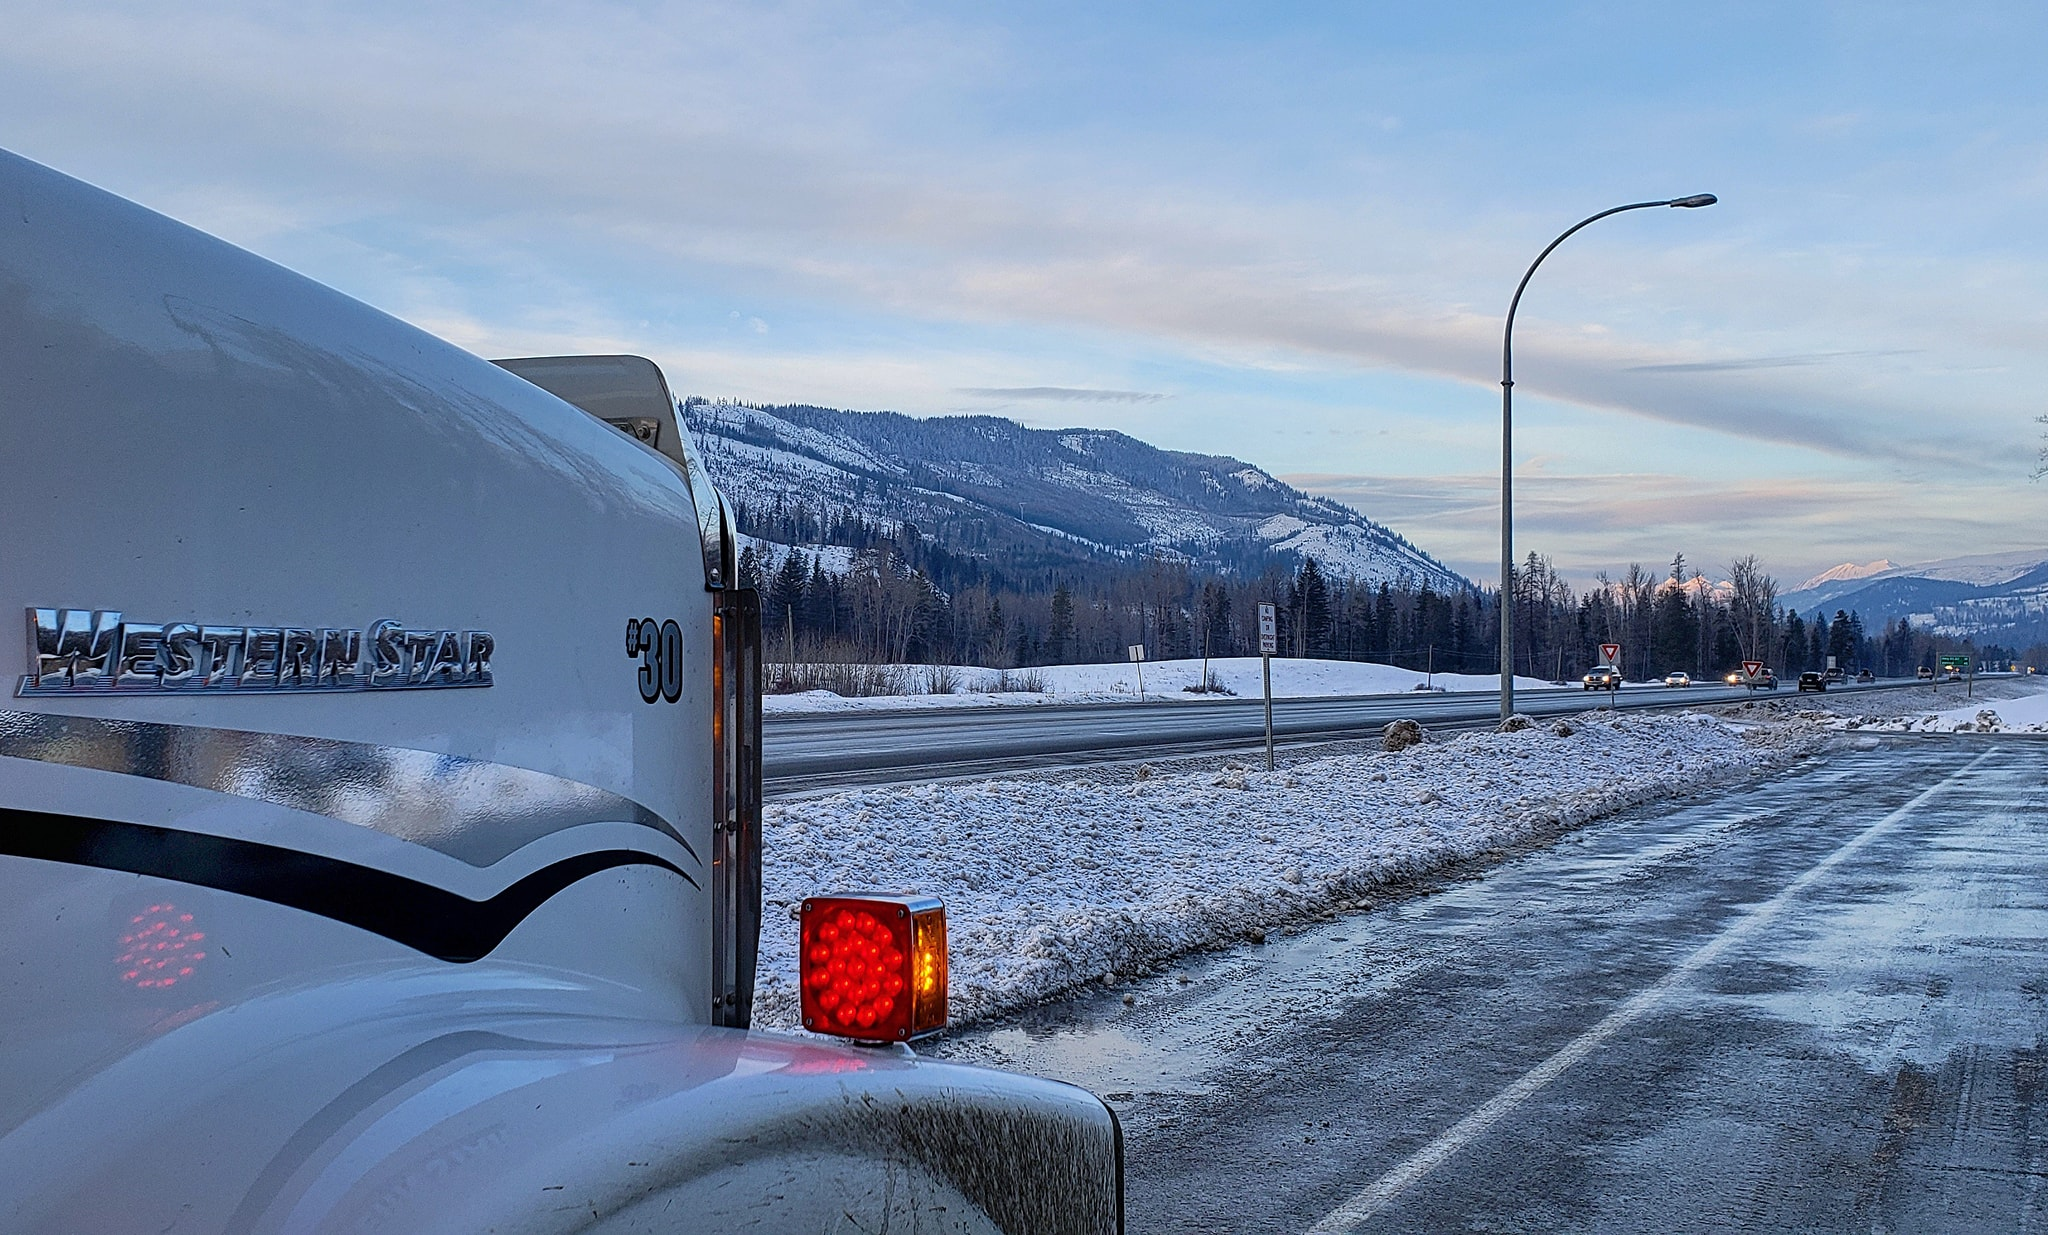 6-1-2019-rondreis-van-2800-km-Montana-Idaho-Oregon-Washington-(6)
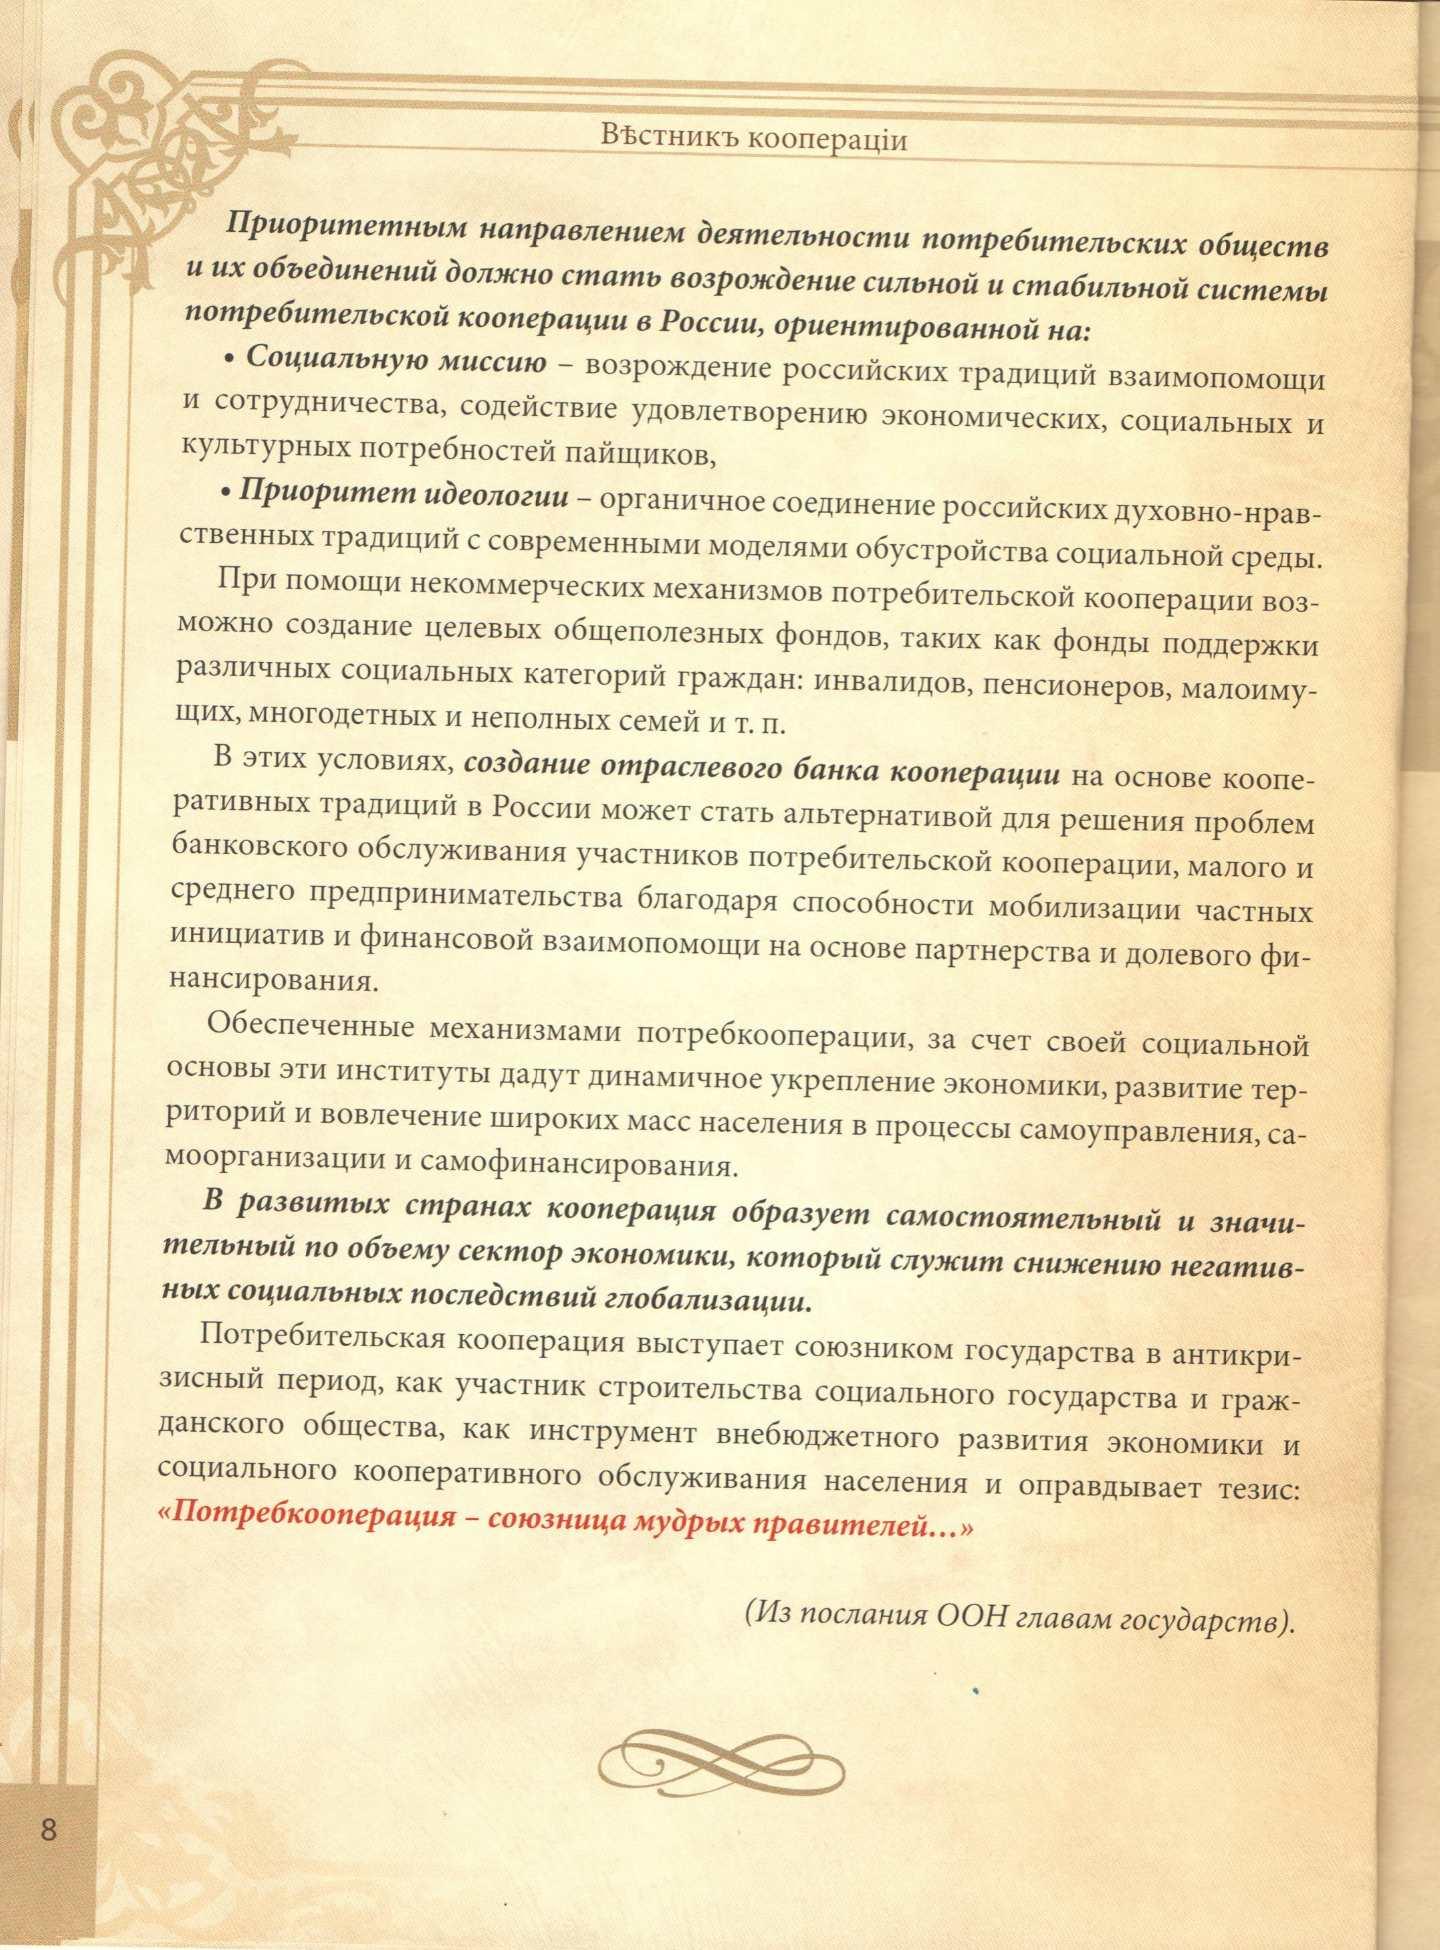 Вестник кооперации-8
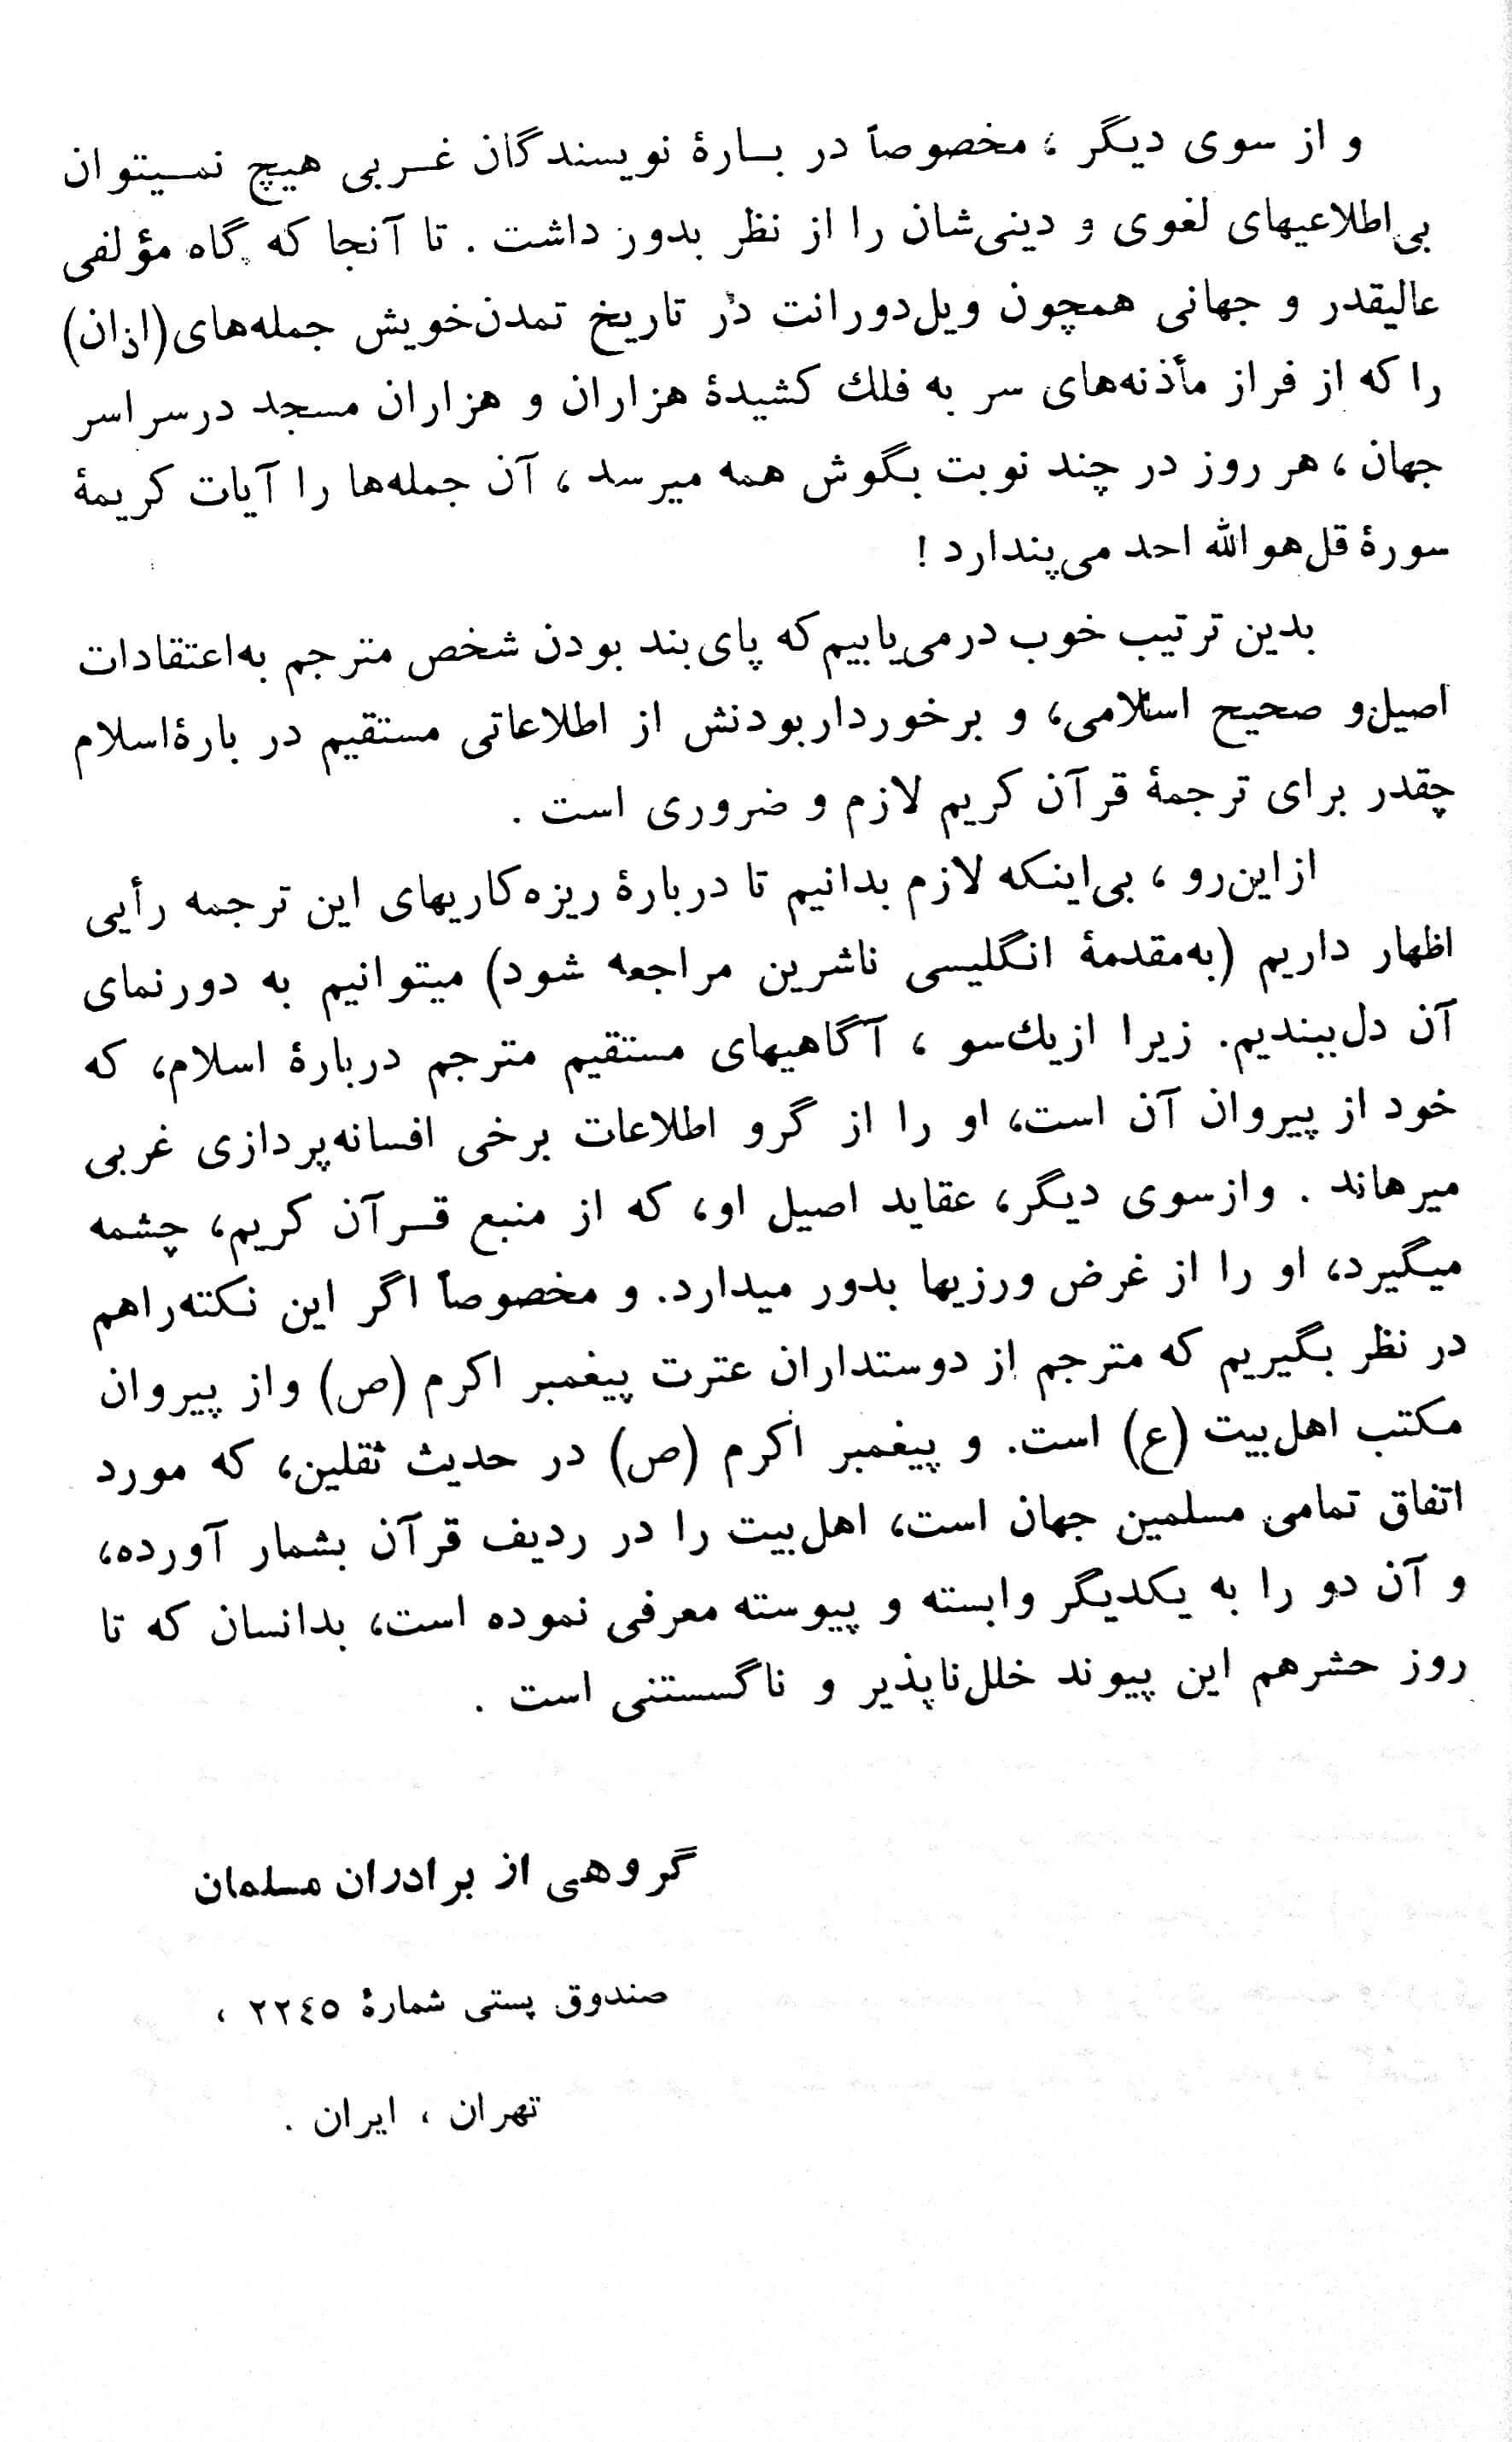 M. H. Shakir 1974 Quran Explorer, Page 3
= = = = = = =
> [EXERCISE BRIEF]:
Give the data again exactly, without pictures.

> [YOUR RESPONSE]:
 6-1-2019-rondreis-van-2800-km-Montana-Idaho-Oregon-Washington-(6)
 Вестник кооперации-8
 M. H. Shakir 1974 Quran Explorer, Page 3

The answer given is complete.